YOUR GOAL:
What you submit must be an exact copy of the listing below, with no images in it.

DATA BLOCK:
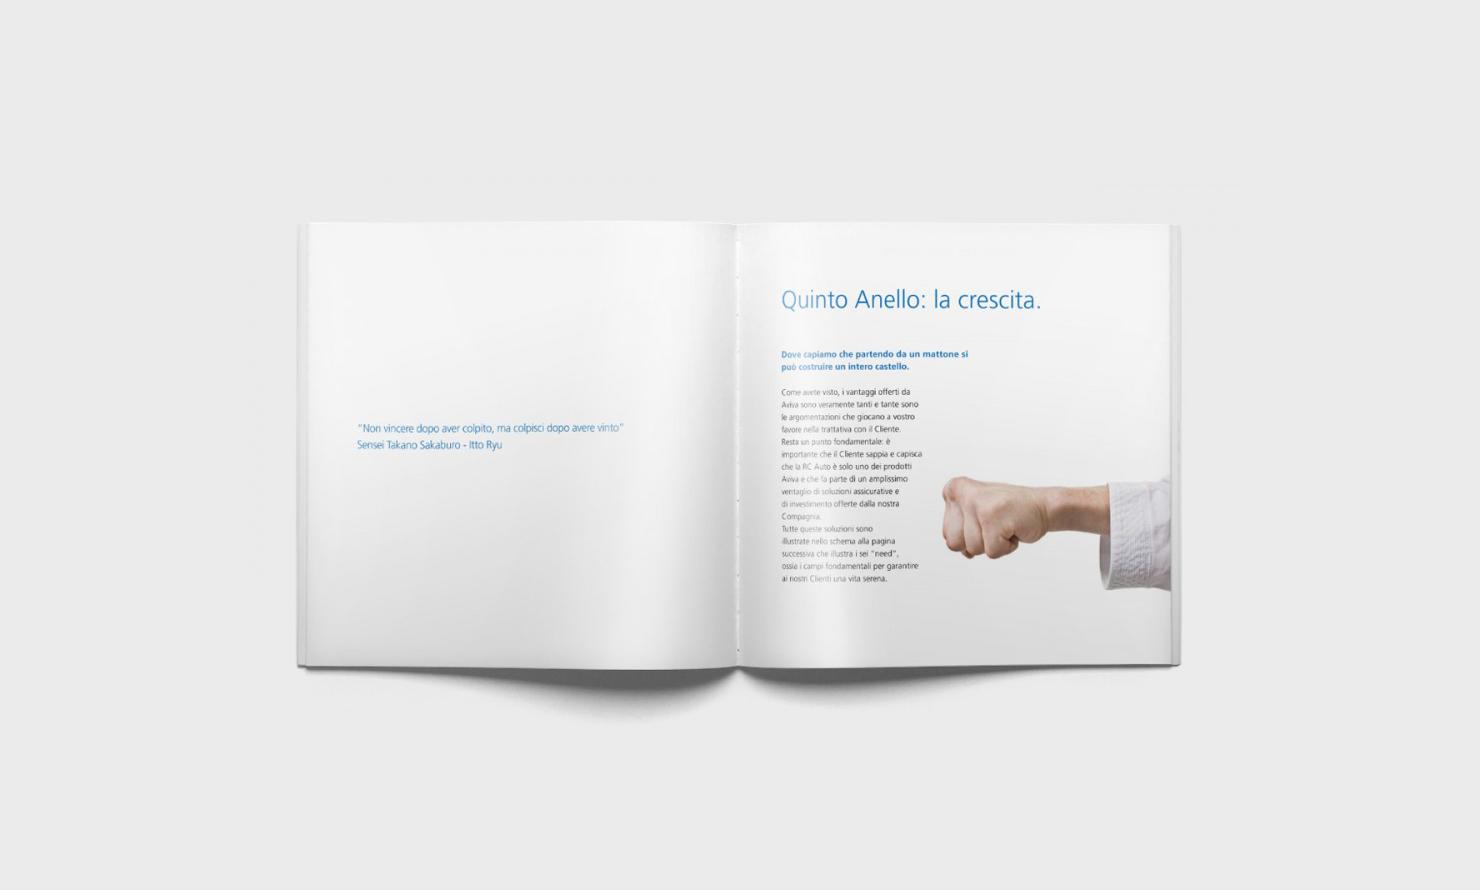 https://kubelibre.com/uploads/Slider-work-tutti-clienti/aviva-kit-agenti-il-libro-dei-cinque-anelli-4.jpg
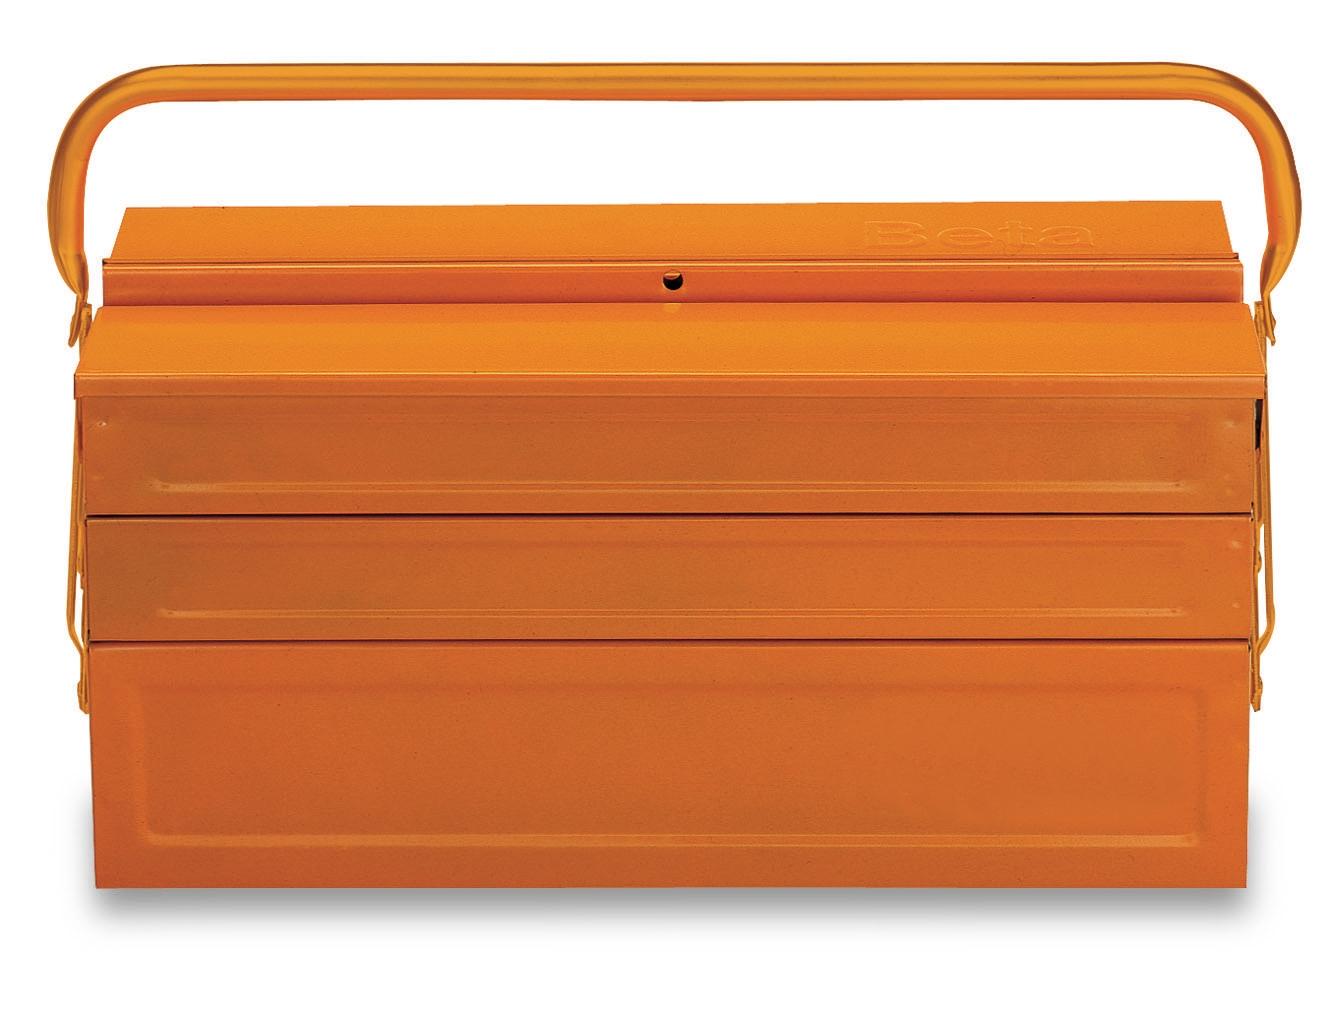 Cassetta estendibile beta c20l in metallo porta attrezzi - Riparazione finestre vasistas ...
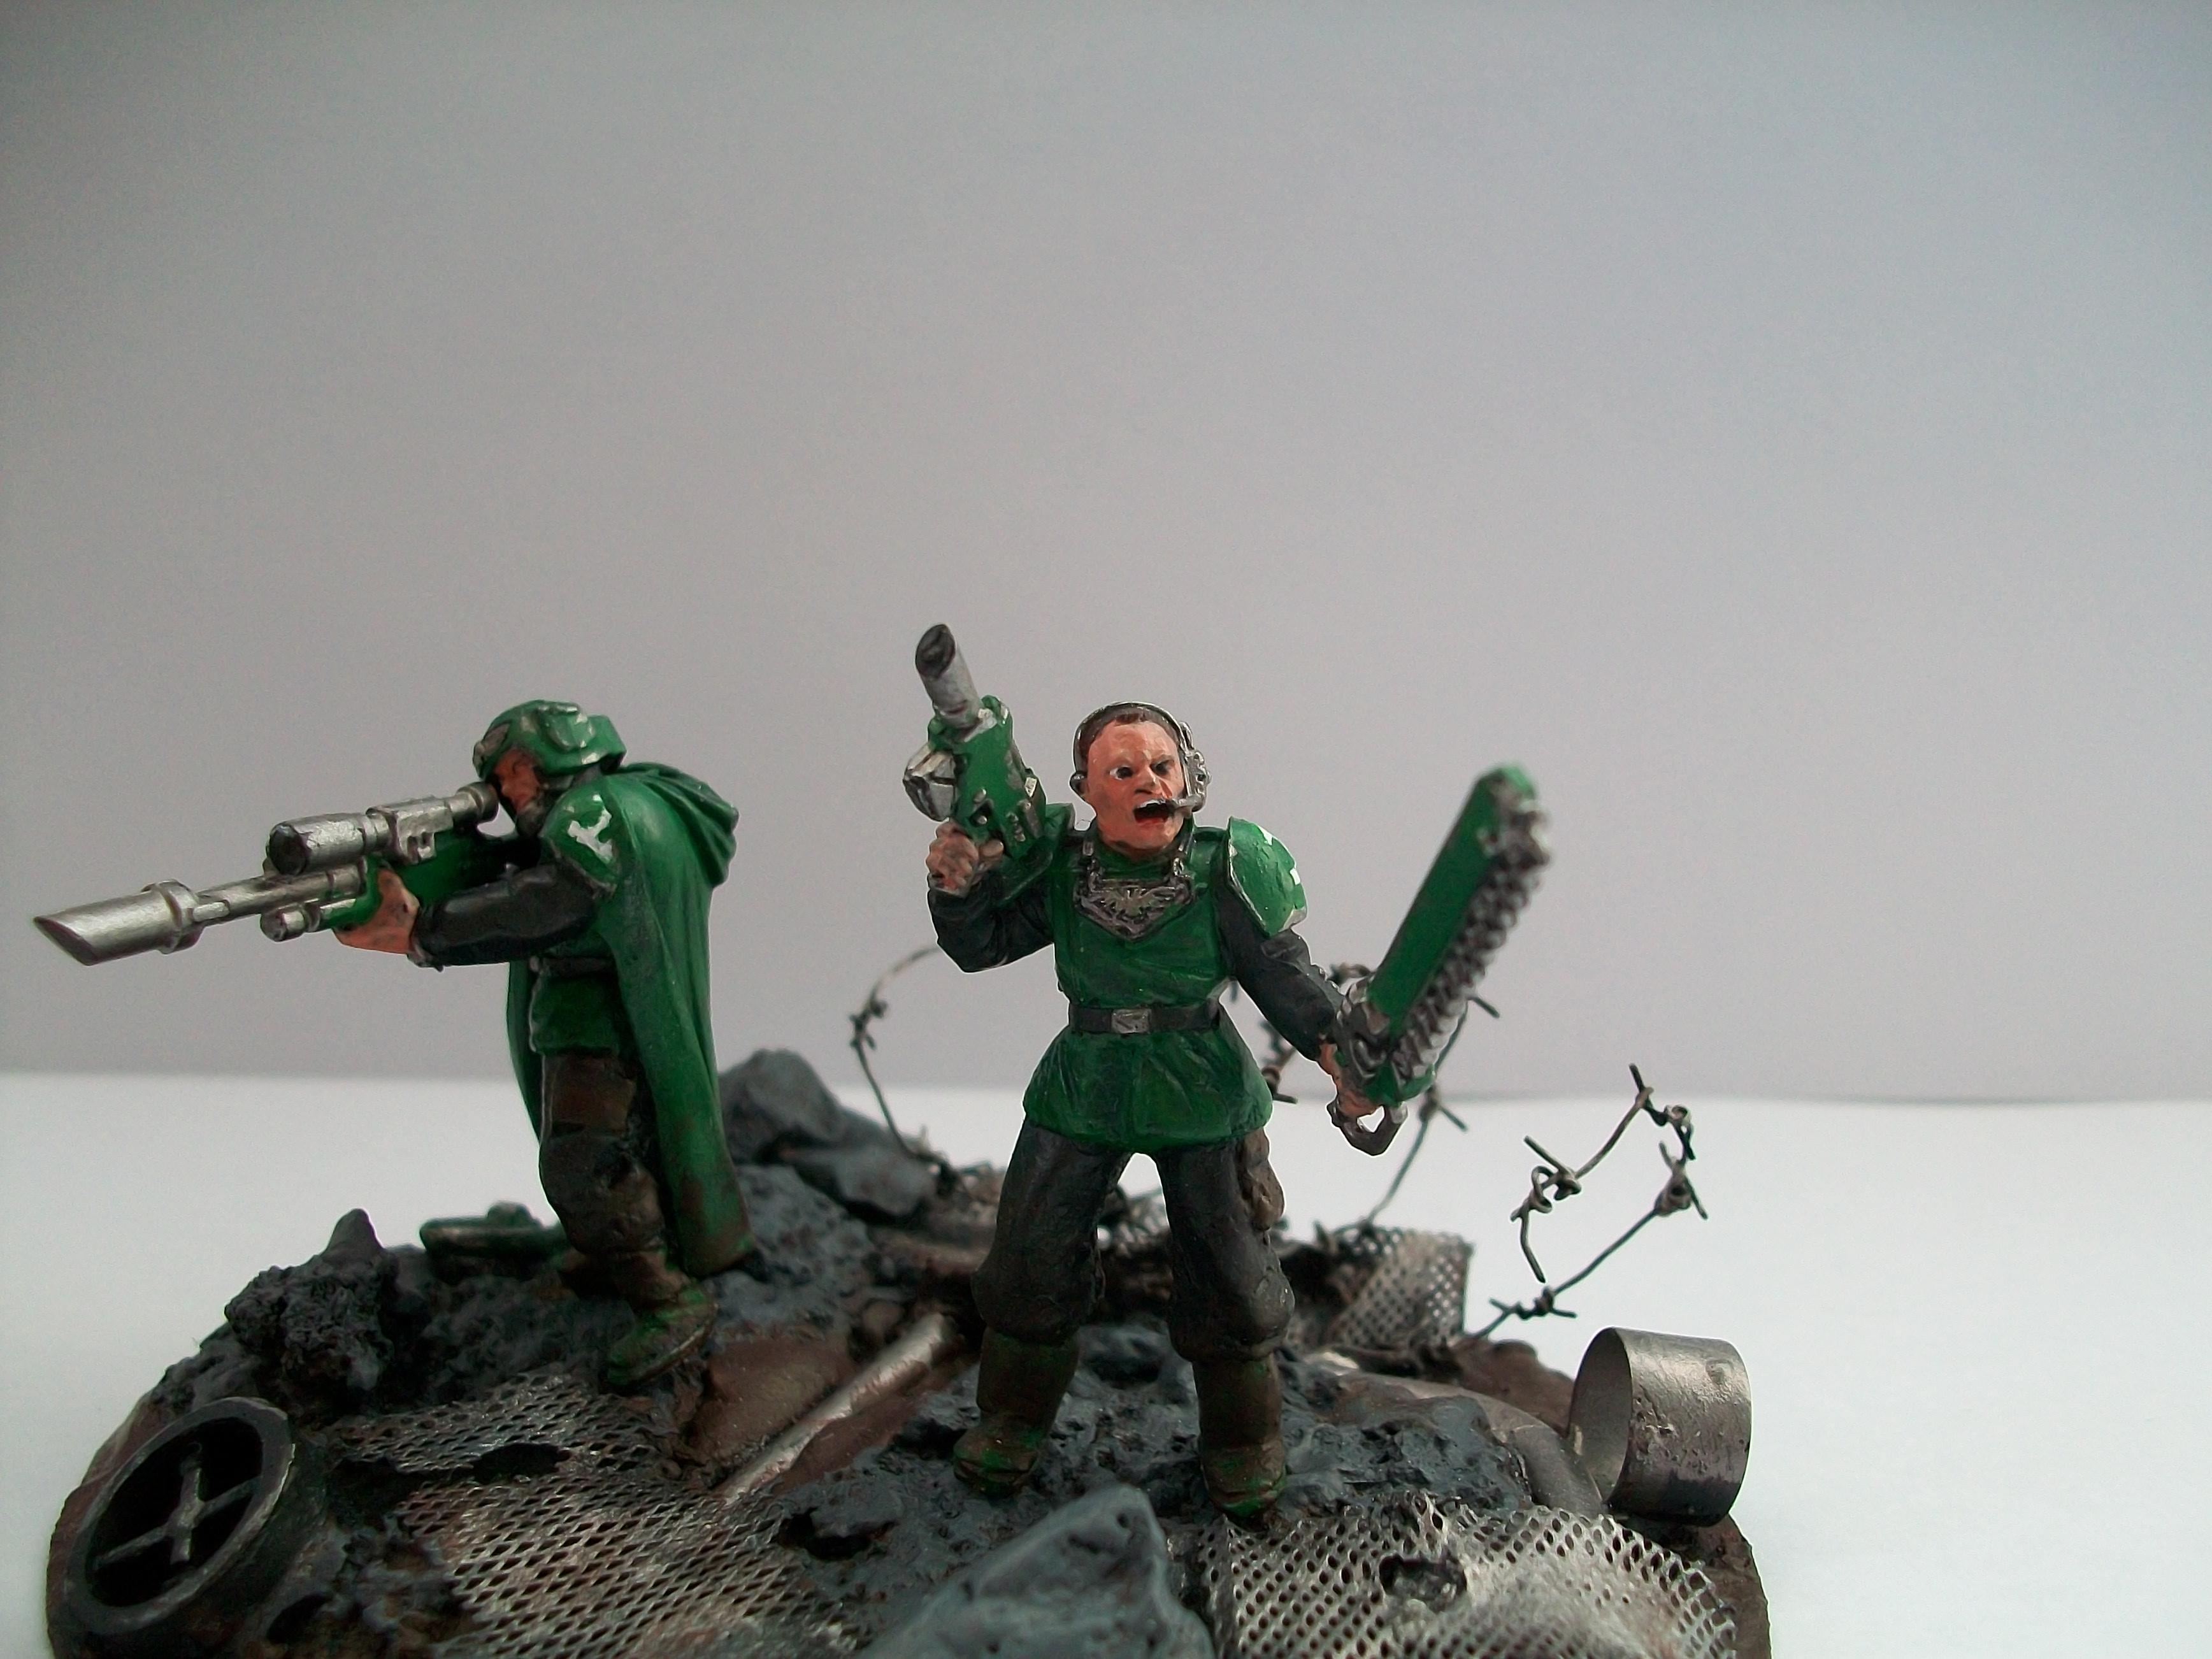 Diorama, Guardsmen, Warhammer 40,000
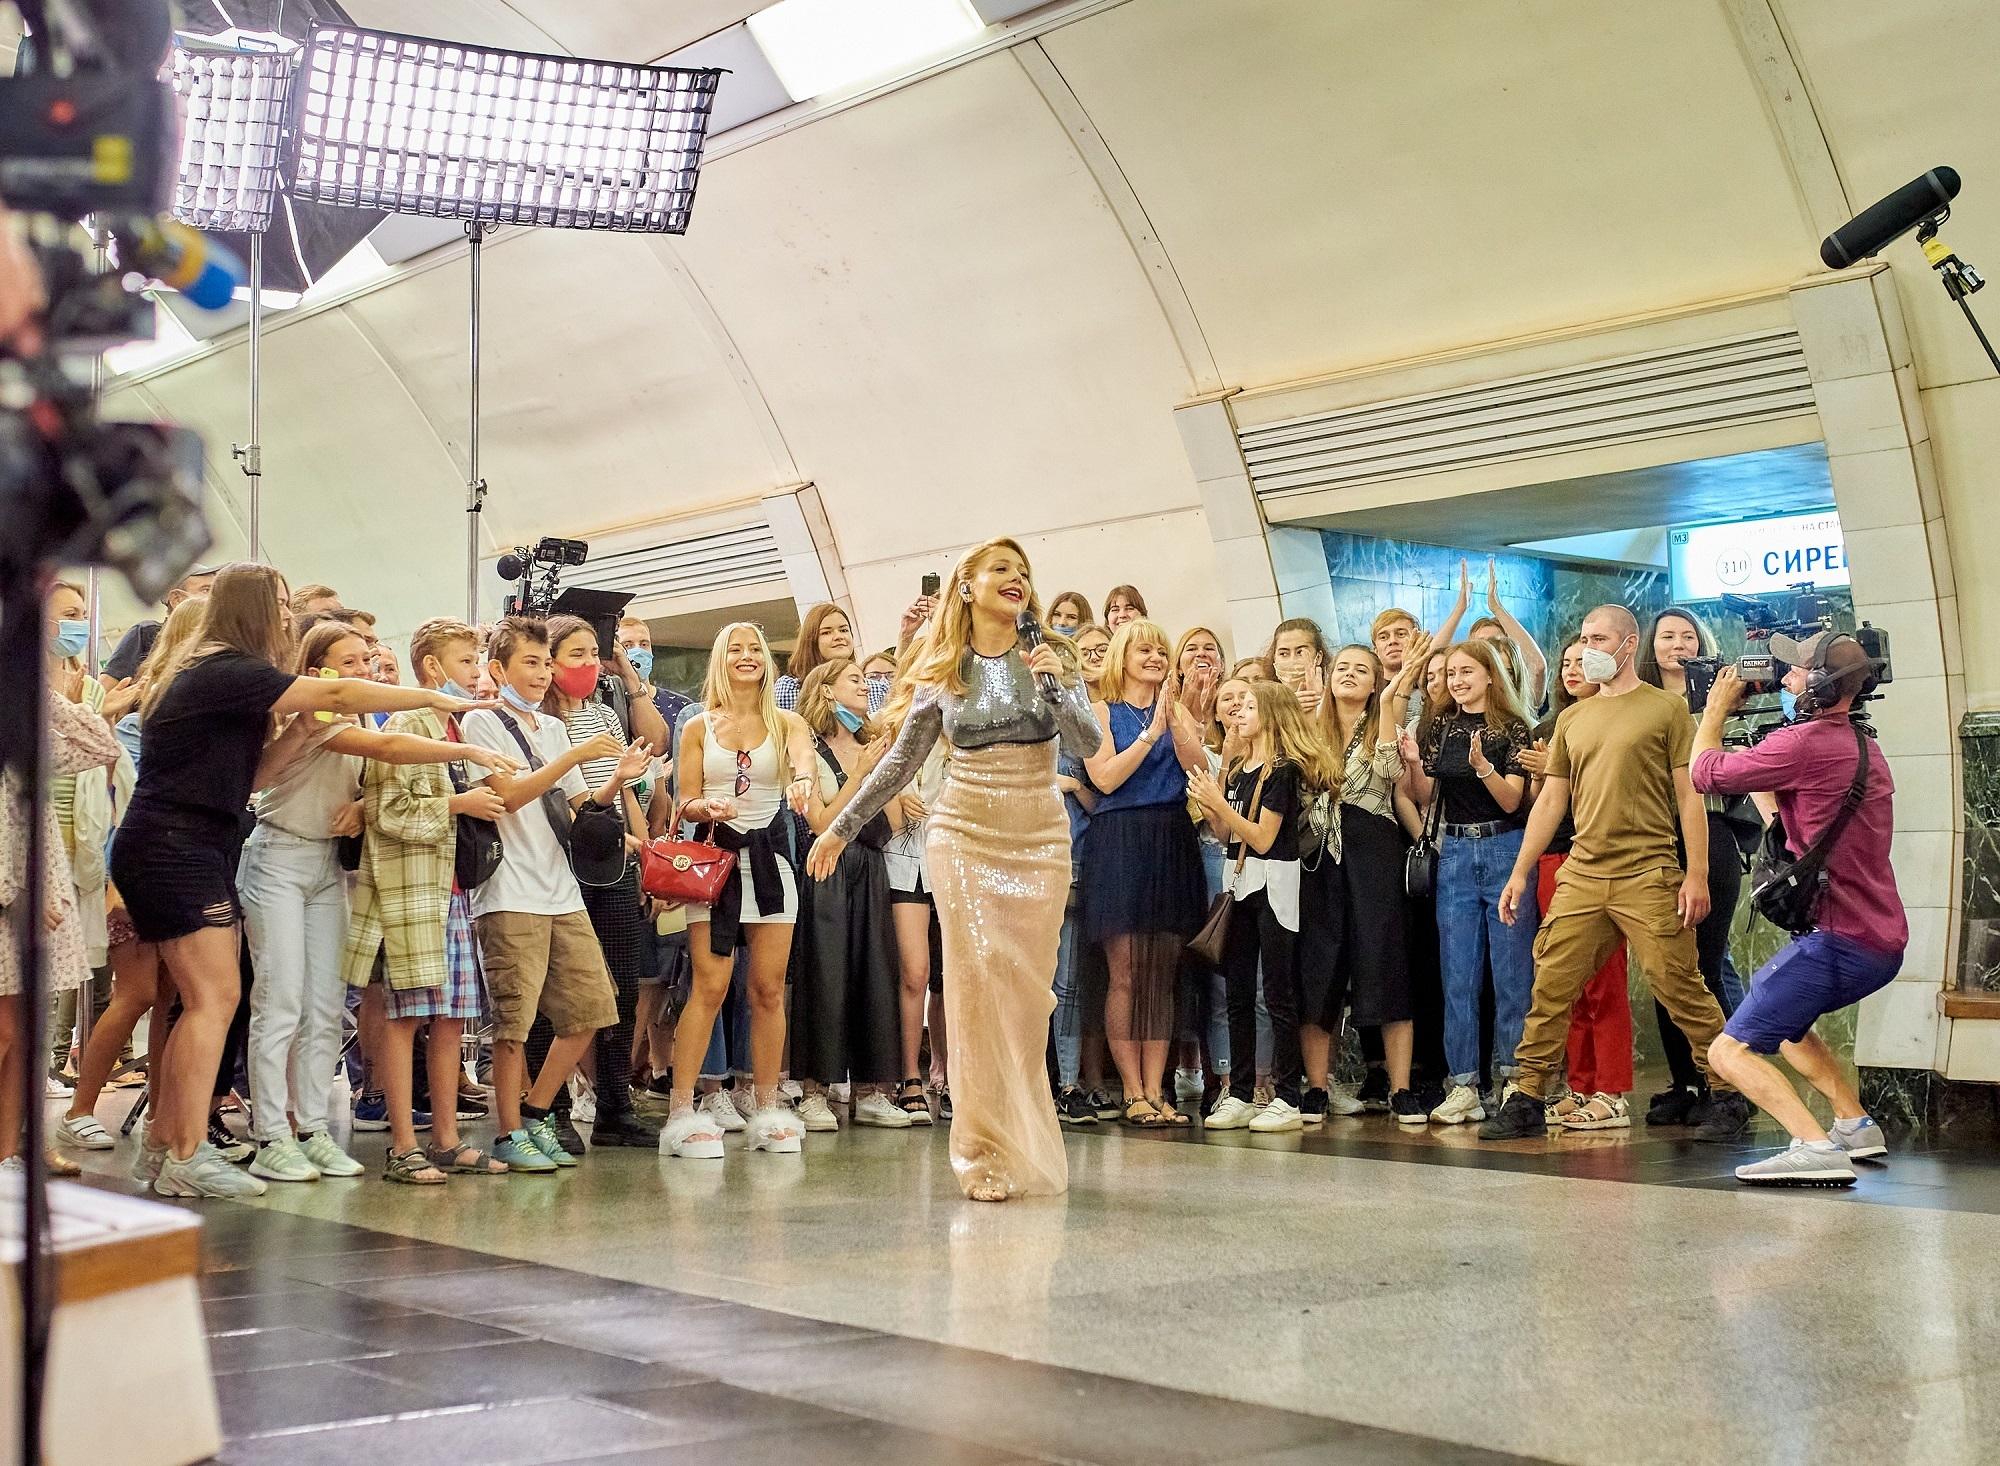 Тина Кароль в изысканном платье спустилась в киевское метро, чтобы спеть свои самые известные хиты (ФОТО) - фото №2

EXPECTED ANSWER:
 https://kubelibre.com/uploads/Slider-work-tutti-clienti/aviva-kit-agenti-il-libro-dei-cinque-anelli-4.jpg
 Cassetta estendibile beta c20l in metallo porta attrezzi - Riparazione finestre vasistas ...
 Diorama, Guardsmen, Warhammer 40,000
 Тина Кароль в изысканном платье спустилась в киевское метро, чтобы спеть свои самые известные хиты (ФОТО) - фото №2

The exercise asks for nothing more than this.